Os nossos familiares, durante o período de investigação, foram submetidos à tortura psicológica, fomos detidos na cave do Tribunal Militar, embora civis, sem alimentação, péssimas condições, sem assistência médica e protegidos por um dispositivo da polícia de intervenção rápida.

Dinheiro

O dinheiro ora reclamado não era do domínio público que o Banco Espírito Santos em Londres é o guardião do tesouro de Angola, controlado por um grupo de elite com uma cidadã russa que não contribuiu neste país.

Caso do género, existe outros tesouros de Angola escondido  no estrangeiro, nomeadamente em Singapura, Hong Kong e Houston.

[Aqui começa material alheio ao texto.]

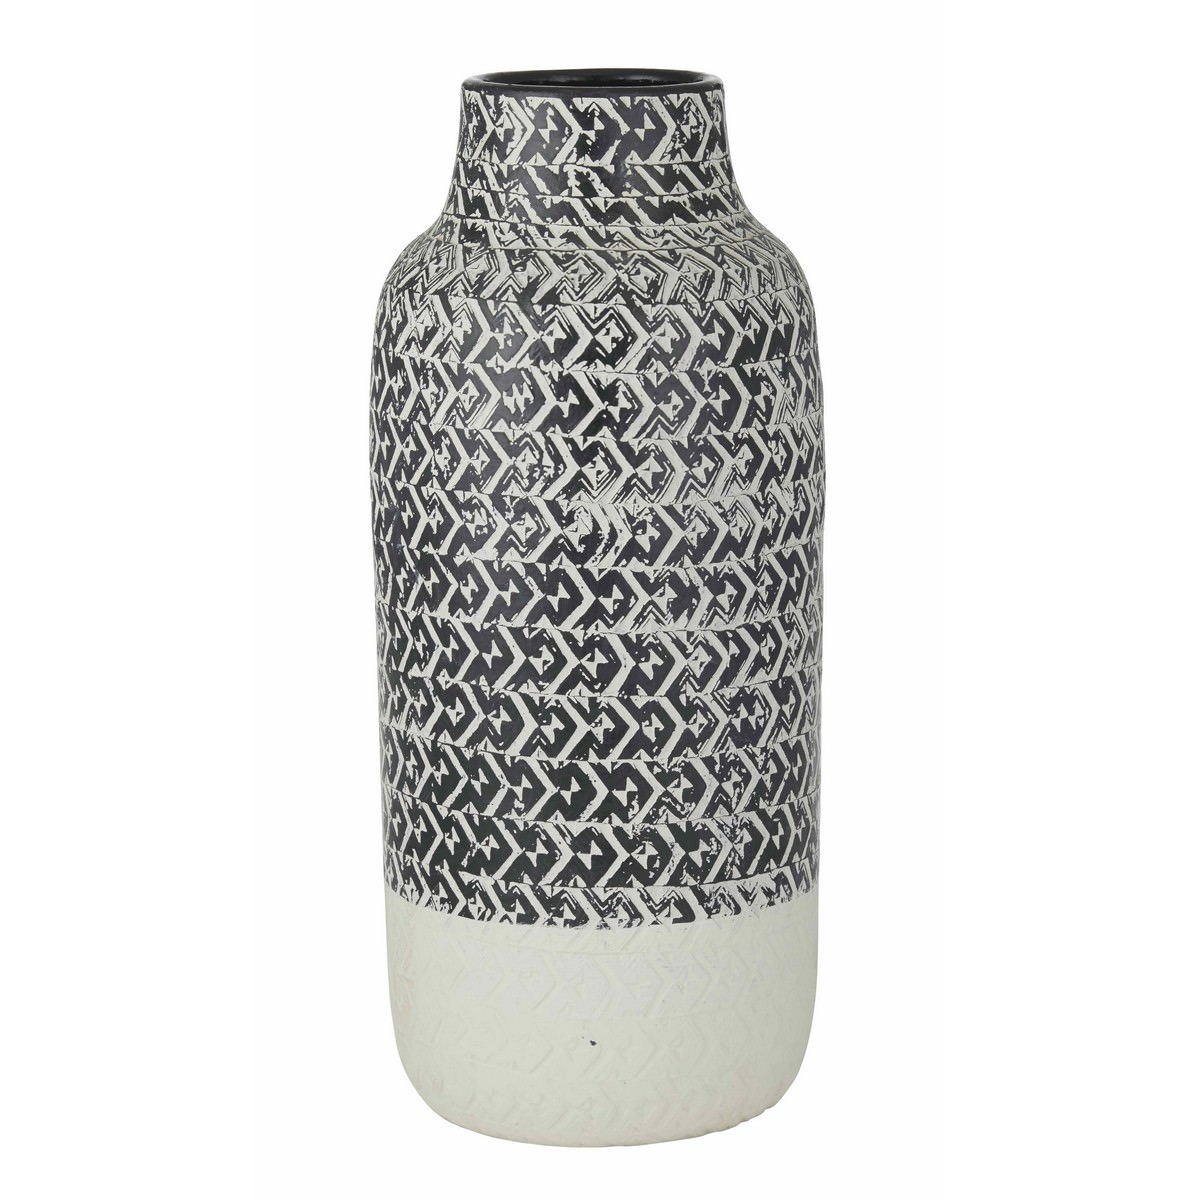 Issey Ceramic Vase, Large

O Parlamento Nacional e o Executivo do Governo nunca debruça sobre o erário público que se encontra no exterior à margem da lei e do povo mártir de Angola. O Sr. PGR. Confiscou vários imóveis, viaturas sem decisão dos tribunais, cancelou contas e outras a fim de tirarem.

Senhor PGR, porque não prendeu a Drª Isabel, ex directora da DGR (Direcção Geral de Reserva) do BNA, com vários milhões de dólares na sua conta?

A senhora Ricardina (amiga pessoal do PGR), do secretariado do BNA que se dedicava na entrada das aludidas transferências;

General Kopelipa com os 25% que lhe deu acesso à sociedade com o Banco Espírito Santo; os 25% na Movicel e outros investimentos na Tv Zimbo;

Higino Carneiro, onde encontra tanto dinheiro para aquisição de um hotel no Brasil no valor de usd: 20,000,000,00 (vinte milhões de dólares americanos), sociedade no Banco Keve, Hotéis Ritz em Luanda e K.Sul e outros investimentos?

a Ruca Van Dúnem e Hélder dos Santos (filho do vice-presidente);

Da verba alocada pelo Parlamento Nacional que se destinava à aquisição de viaturas BW-6 e 5, para os deputados da última legislatura; José Pedro de Morais, ex-ministro das Finanças, pelo valor encontrado nas suas contas bancárias;

Amadeu Maurício, ex-governador do BNA, pela fortuna que recorda;

Abraão Gourgel, pelo esbanjamento de mais de 400,000,000,00 (quatrocentos milhões) alocados ao Gabinete Técnico de Investimento no Uíge, pela cumplicidade de várias vagaturas nas transferências bancárias;

Manuel Vicente, Presidente do Conselho de Administração da Sonangol, na compra de 4 (quatro) aviões de marca Falcon 900 à França, por usd 320,000,000,00 (trezentos e vinte milhões de dólares), estes meios estão em nomes individuais;

O director da INEA de Luanda, pelo volume de usd encontrado na sua conta bancária.

José Leitão, presidente do grupo GEMA, antigo secretário do Presidente da República, onde encontrou tanto investimento, quer a fábrica de cimento em Benguela, que está orçada em usd: 320,000,000,00 (trezentos e vinte milhões de dólares;

Dr. Aguinaldo Jaime, actual PCA da ANIP, que deixou a banca rota.

Sr. PGR constatou as irregularidades encontradas desde o 1º ofício ao último ano de 2009, tendo em conta a idoneidade dos beneficiáros, entendeu sacrificar o peixe miúdo.

Os familiares do caso BNA  pedem que haja justiça, porque até aqui não conseguem ver onde é que está os direitos e garantias fundamentais que a nossa nova constituição conagra. ou será que está só no caderno e não se põe em prática.